All kinds of products come into Walmart, Target, etc... that are suppose to be compliant. Independent testing has found excessive lead and other heavy metals in products including children toys.

The gimmick with rhinestones is that many companies in the USA say they have low lead or lead free rhinestones but how would they know unless they did their own testing? 

Yes the manufacture in some other country can provide you with a testing certificate that was done 2 years ago on some random size and random color but no one will ever provide you with test results on every color, every size and every batch made.
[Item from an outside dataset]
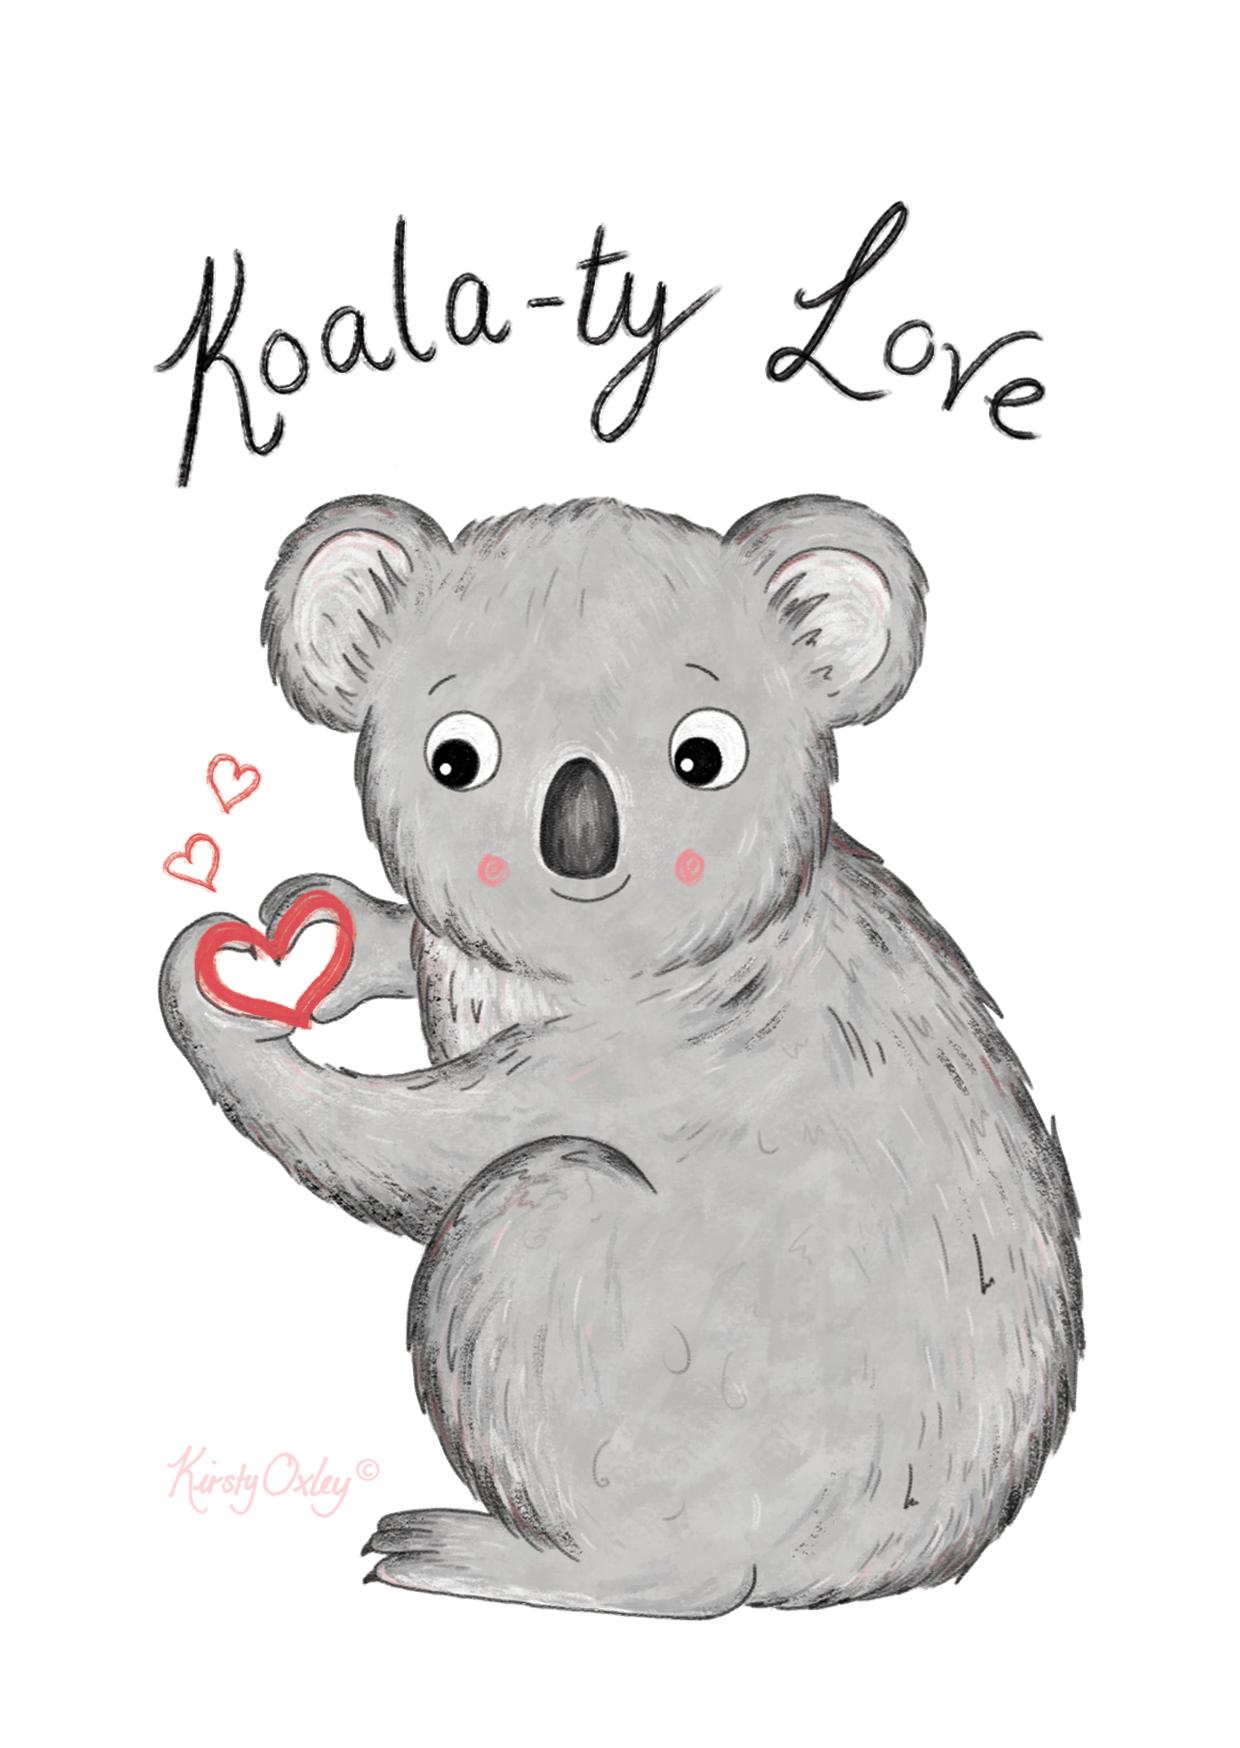 Koala_Valentines_Day_Love_Kirsty_Oxley_Illustration.jpg

Regardless, USA law wouldn't recognize an out of country lab result anyway. Whoever you buy rhinestones from would have to do the testing and provide you the results or you would have to do your own.

I would challenge anyone to find a rhinestones that uses the word "Compliant" instead of low lead or lead free. We could market Bella Machine Cut Rhinestones as "Low Lead" since it does have a lower amount of lead than lead itself but that would be misleading and definitely not compliant.

Best of luck filtering through all the misleading information that is out there....


----------



## MarStephenson761 (Sep 19, 2011)

I've always like you work Jasmyn and these look great too. 

But have you looked doing spangle transfers? You'll still get the BLING, same lot's of money on stones and never have to worry about CPSIA stuf.


----------



## jasmynn (Sep 16, 2011)

MarStephenson761 said:


> I've always like you work Jasmyn and these look great too.
> 
> But have you looked doing spangle transfers? You'll still get the BLING, same lot's of money on stones and never have to worry about CPSIA stuf.


I would love to do spangle, but my machine does rhinestones only 

However, I have lead free rhinestones also.


----------



## jennGO (Mar 11, 2014)

Are the lead free rhinestones from shine art just as good as ones with lead?


----------